María Corina Machado greets her followers from the door of a car.
Getty Images
A poll by ORC Consultores showed that almost 51% of Venezuelans would vote for Edmundo González, compared to the 14% of preferences reported by Maduro.

She is an agricultural engineer, but she lives by renting warehouses, driving her truck and making transfers. His family emigrated to Spain and Chile in 2021, he says.

“This truck is my savings, the effort of work, but this is the moment in the country where we have to take risks,” he says in response to the possible threat of losing the truck with which he makes a living because he lent it to a political event.

“I’m not afraid, I’ve already lost my family, I see them by video call. What else do I have left? What else do we have to see in Venezuela? It’s scary not having food, it’s scary not having to offer it to our children.. “That’s scary,” the woman tells BBC Mundo.

“The only thing people in this country want is to work with dignity and for their salary to be enough.”

The area where Febres lives, like others in the country, is constantly hit by failures in public services: water, gas and electricity.

Nicolás Maduro surrounded by people during a political event in Caracas on May 17, 2024.
Getty Images
Maduro’s campaign rallies also mobilize voters in the streets.

The fatigue due to the crisis is felt in every corner of this area traditionally chavista.

It is seen in the man who crosses the street to fill drums with water at a public well. In the woman who hasn’t sold anything at the hardware store for days. In the engineer who has his clothes full of grease because he fixes cars to support himself. At the lawyer he doesn’t have to pay for a taxi.

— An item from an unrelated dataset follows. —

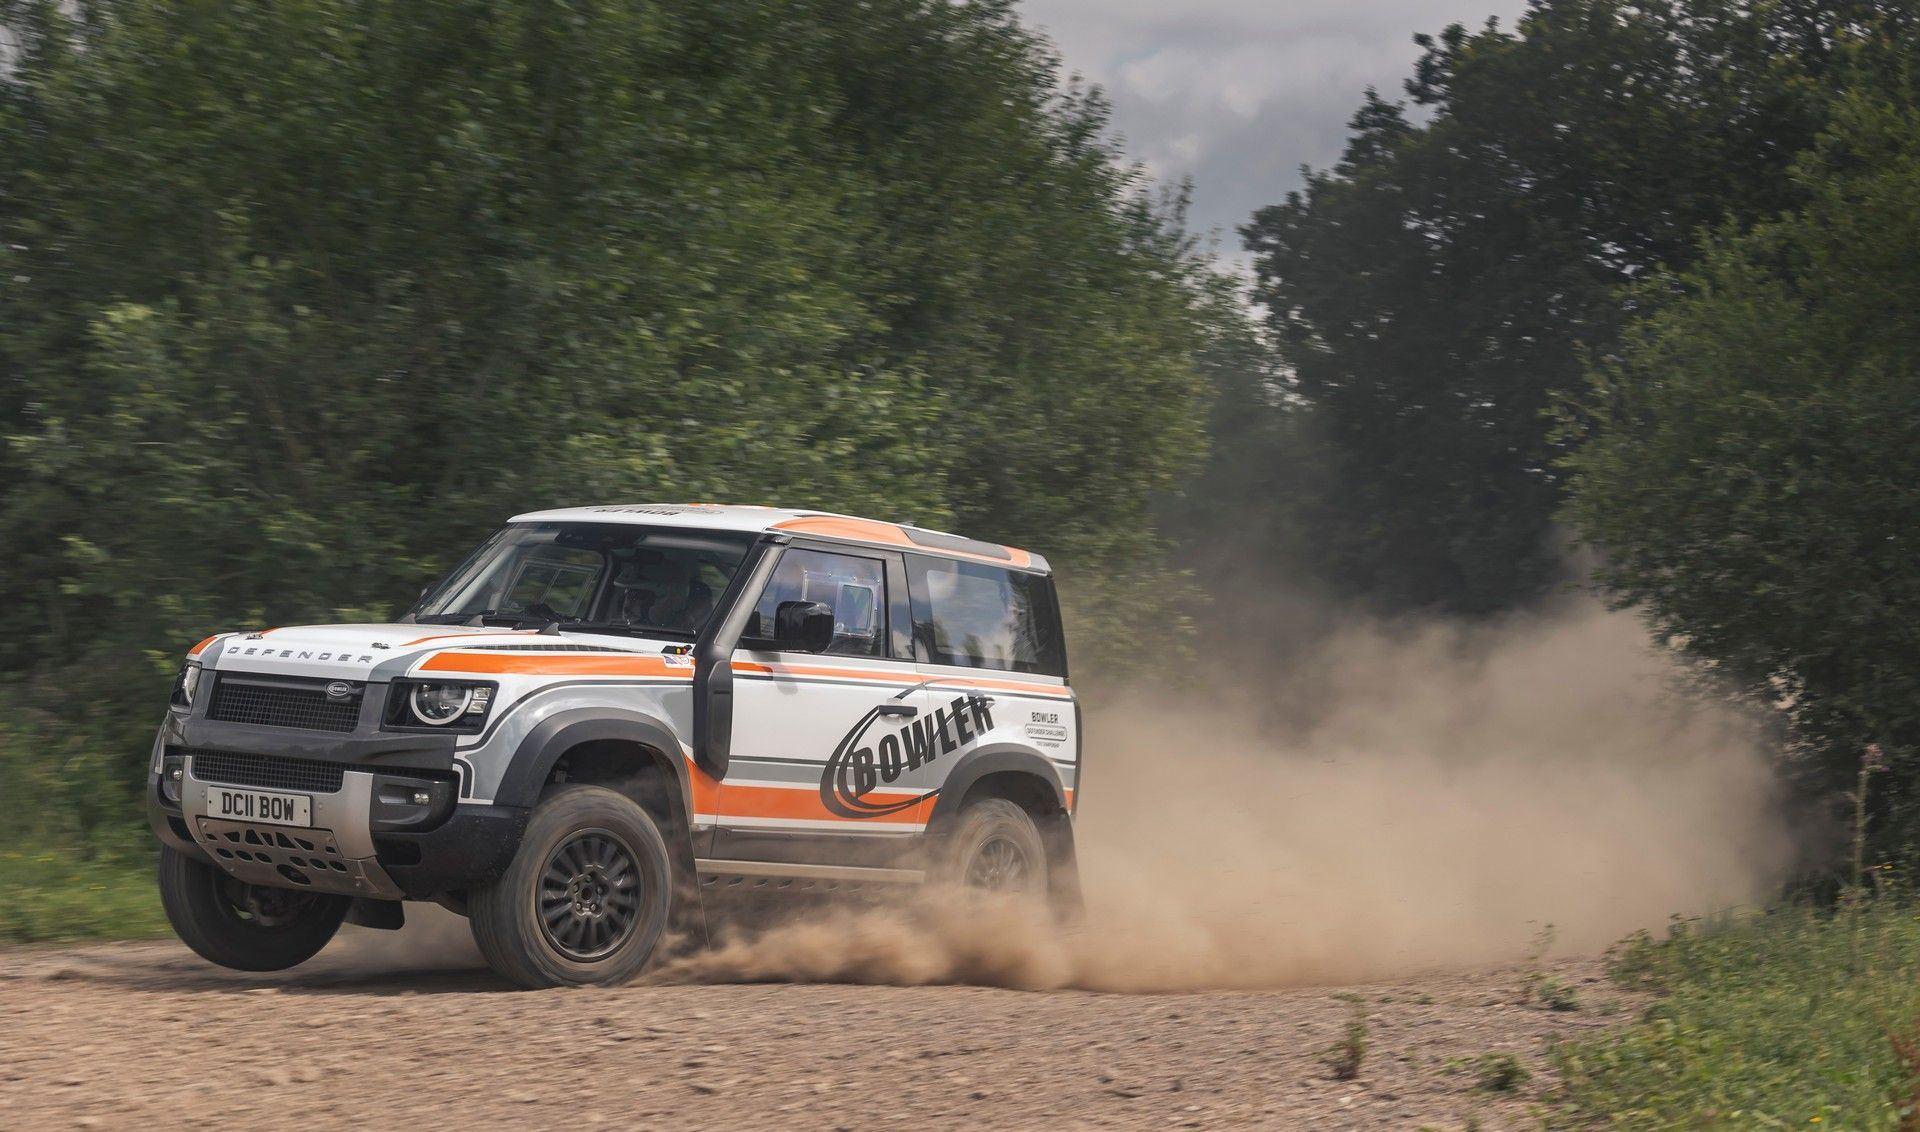 Bowler-Land-Rover-Defender-Challenge-Rally-Car-21
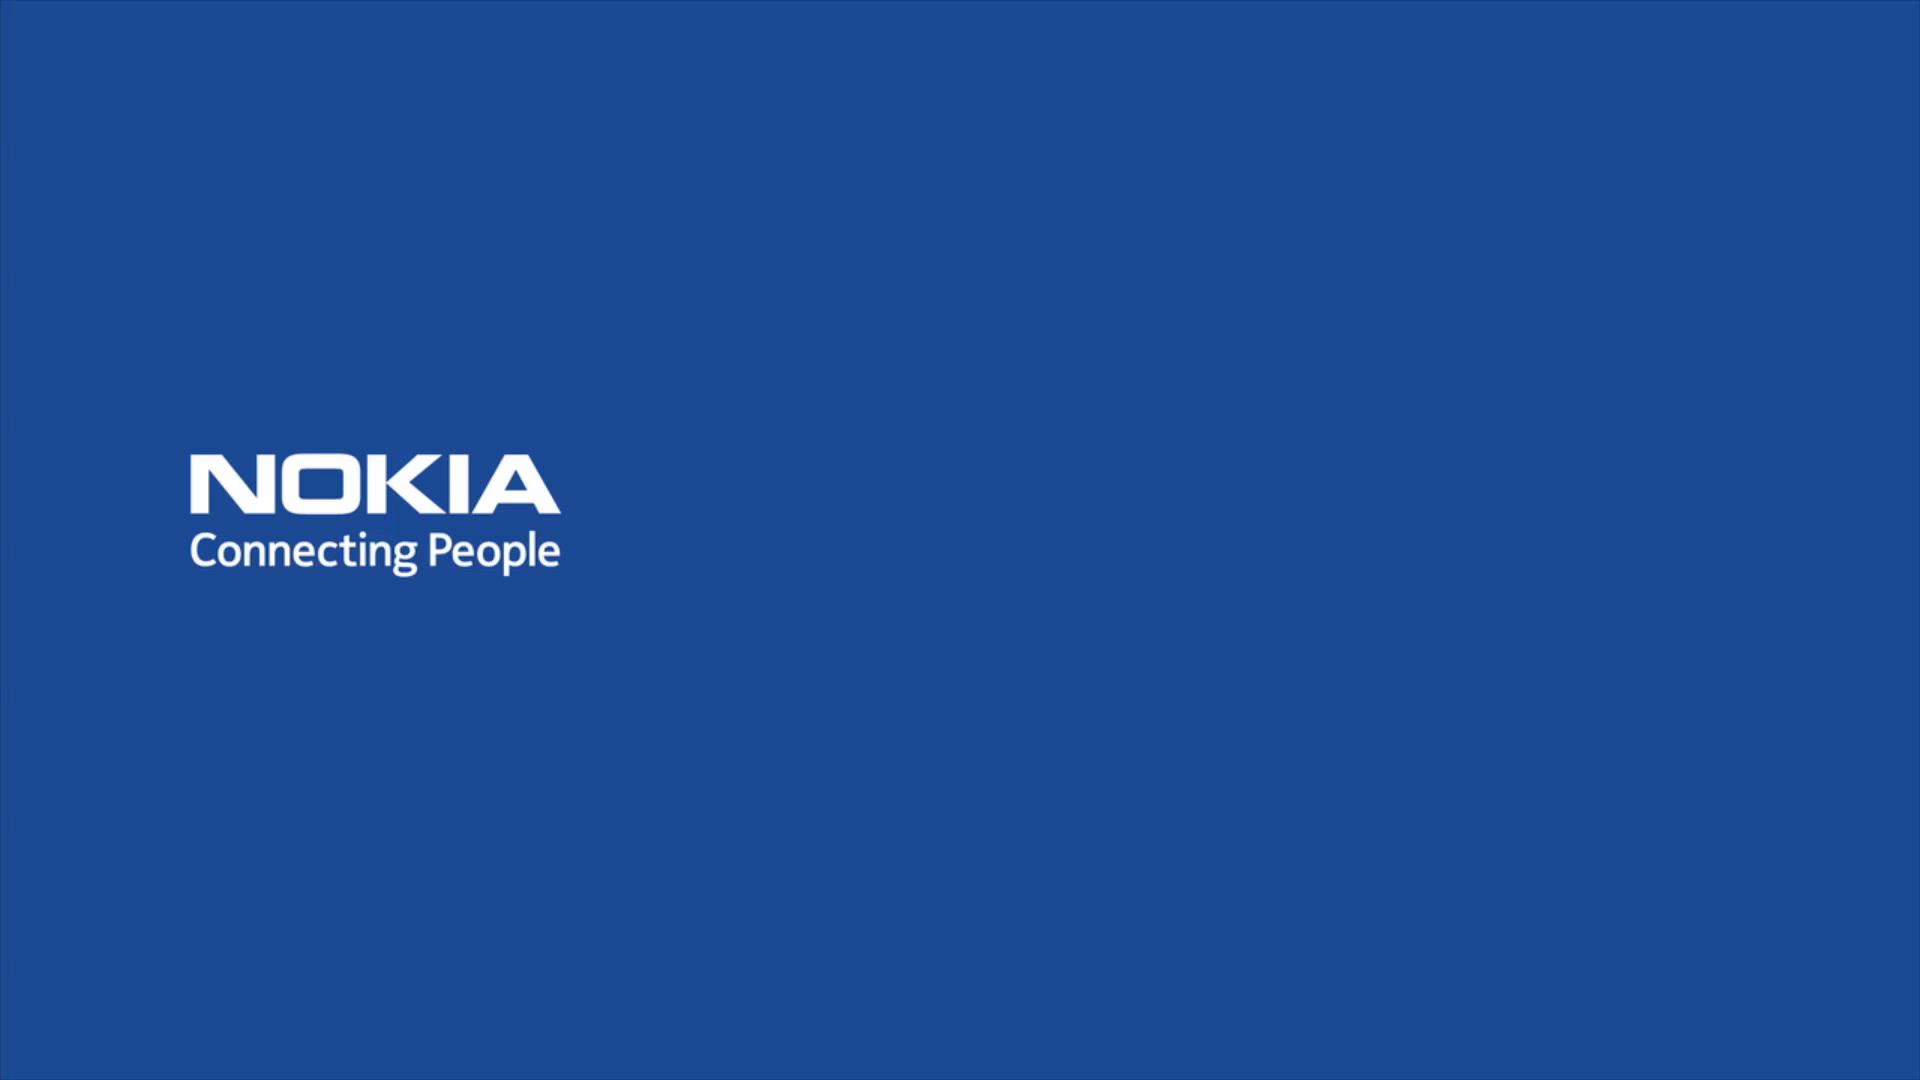 49] Nokia HD Wallpapers on WallpaperSafari 1920x1080

“There is a great component of calamity that affects the citizen. This situation, which has not been resolved through management by the government, has produced satiety,” says analyst Quintero.

“We have believed in carrying out electoral processes. At the time we believed that not voting was ideal, at the time we believed many things,” Febres reviews the last few years of opposition sentiment.

It is a government, he criticizes, “designed so that we lose hope.”

“But what brings me to the street is hope and faith that everything can change.”

If things don’t go the way she wants, she will leave Venezuela. She also has Spanish nationality, her exit option.